AUDUSD sank to a three-week low of 0.6596 on Wednesday as the bulls could not find enough buyers to jump above the 200-day simple moving average (SMA) at 0.6690.
The pair is marking its second negative week, having trimmed more than half of June’s bull run to 0.6898.
Downside pressures could persist in the coming sessions as the technical indicators continue to slope southwards. The falling RSI has yet to reach its 30 oversold level, while the MACD remains negatively charged below its red signal line. That said, the stochastic oscillator has flattened near its previous lows, suggesting selling interest could fade soon.
The lower Bollinger band could prompt some consolidation within the 0.6565-0.6550 region, where the price faced limitations several times from the end of 2022 onwards. Failure to pivot here could direct the market back to May’s lows registered within the 0.6485- 0.6457 zone. A decisive close lower could stretch the February-May downtrend towards the 2020 support trendline seen around 0.6385.

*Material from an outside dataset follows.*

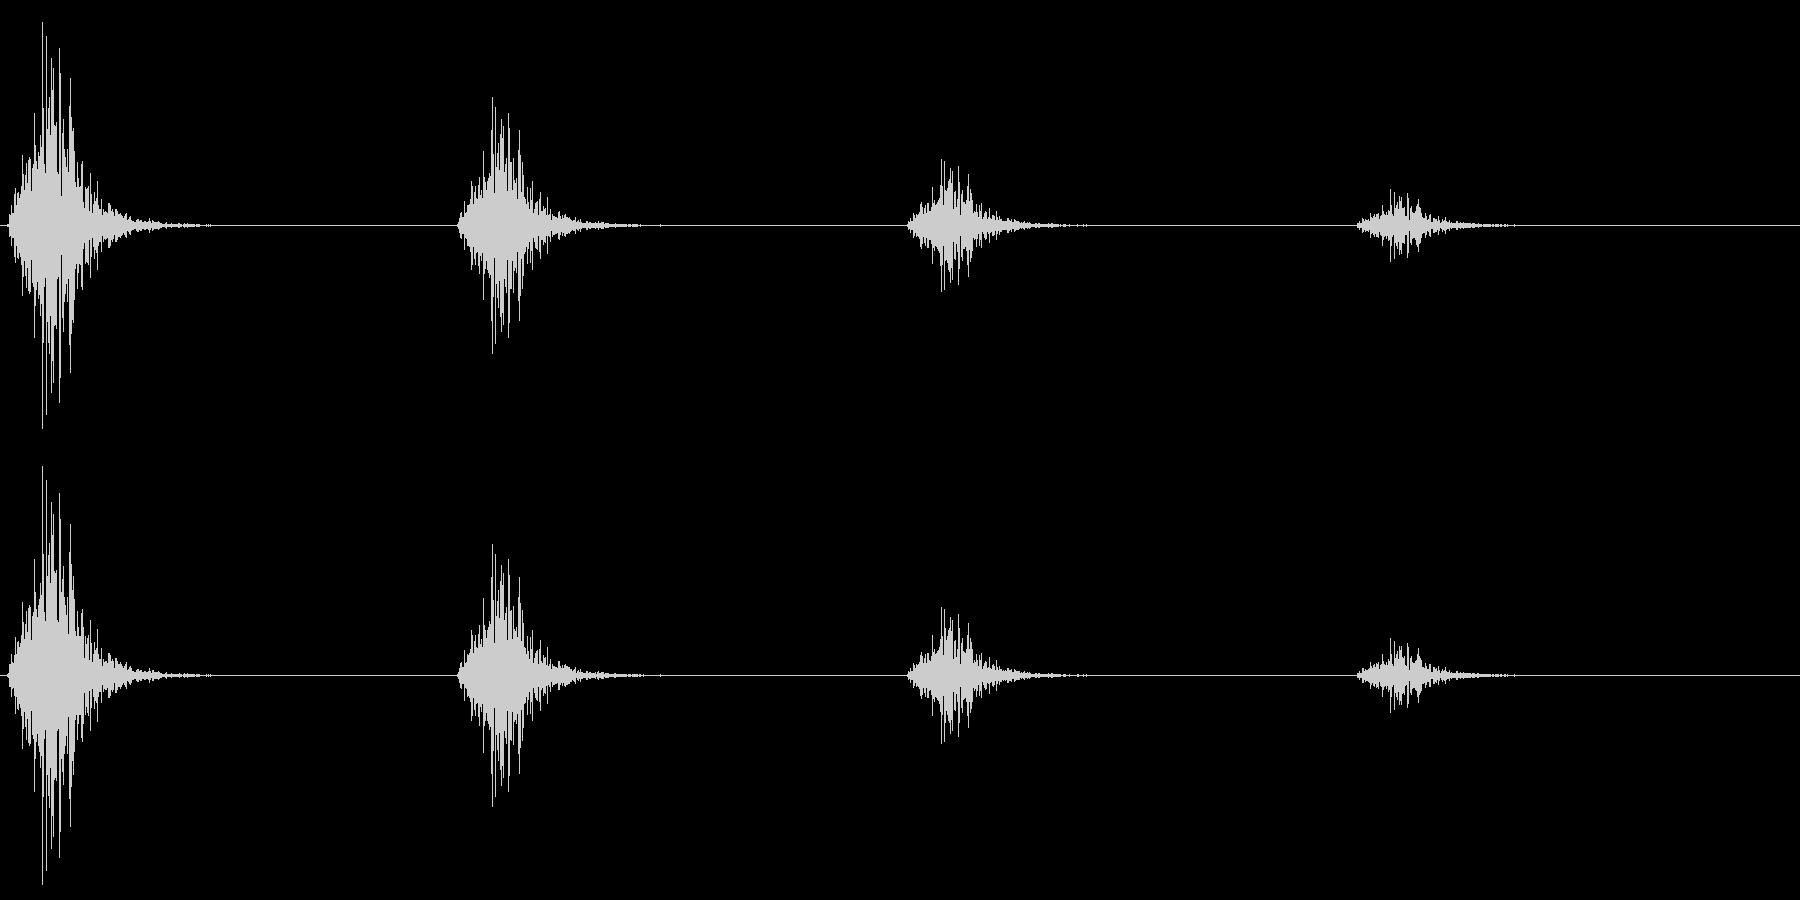 レトロゲームの「足音」「階段の昇降」の未再生の波形

On the upside, the 61.8% Fibonacci retracement of June’s bullish wave is currently capping the price around 0.6625. The resistance trendline is within short distance too, while the 50- and 200-day simple moving averages (SMAs) could be more challenging, cementing again the ceiling around the 50% Fibonacci mark and the 0.6690 bar. If the bulls breach that wall this time, the recovery could pick up steam towards the upper Bollinger band and the 38.2% Fibonacci of 0.6730. Then, another notable increase could take place, lifting the price up to the 23.6% Fibonacci of 0.6795.
In brief, the short-term risk for AUDUSD remains skewed to the downside, with support expected to develop within the 0.6565-0.6550 area.